2.3 Pengembangam Hipotesa
Hipotesa dari penelitian yang akan dilakukan berdasarkan permasalahan dan
tujuan yang ingin dicapai diuraikan sebagai berikut.:
2.3.1 Pelayanan Aparat Pajak terhadap Kepatuhan Wajib Pajak
Menurut Siregar et al. (2012:7) dalam Sari (2017 ) menyatakan pelayanan
fiskus adalah pemberian layanan (melayani) keperluan orang atau masyarakat yang
mempunyai kepentingan pada organisasi itu sesuai dengan aturan pokok dan tata cara
yang telah ditetapkan.

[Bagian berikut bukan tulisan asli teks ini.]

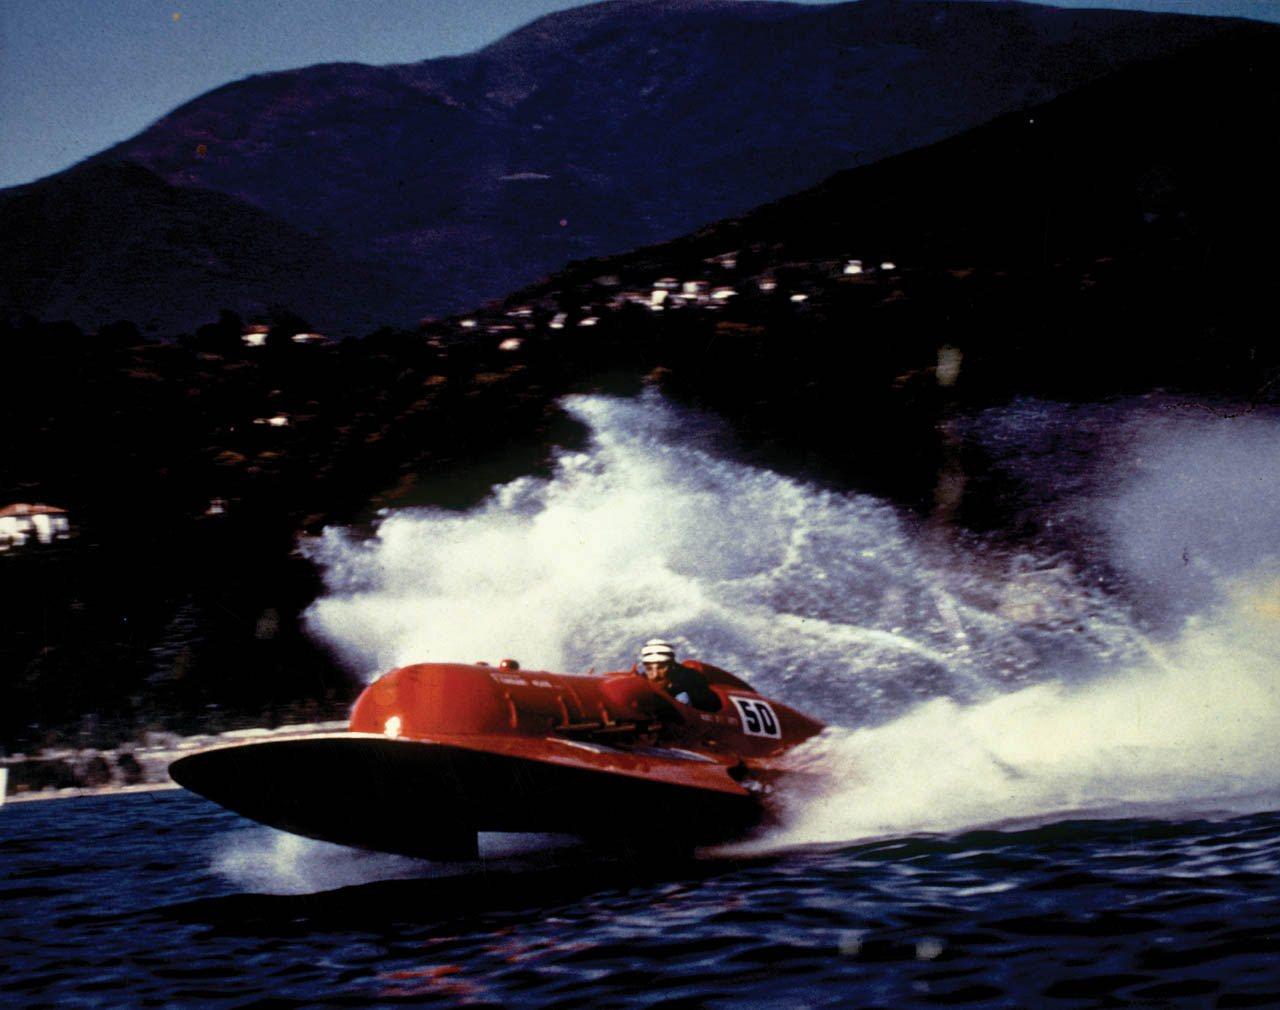 1953-timossi-ferrari-arno-xi-racing-hydroplane_60-100

Berdasarkan teori pembelajaran sosial, perilaku manusia muncul
sebagai hasil pengamatan dan pengalaman. Wajib pajak akan memenuhi kewajiban
perpajakannya apabila melalui pengalaman dan pengamatannya untuk memenuhi
kewajiban perpajakan sangat mudah untuk dilakukan, wajib pajak dilayani oleh fiskus
yang baik dan berkualitas. Hasil pengalaman dan pengamatan ini akan disimpan dalam
ingatan wajib pajak dan kemudian diwujudkan dalam perilaku kepatuhan pajak.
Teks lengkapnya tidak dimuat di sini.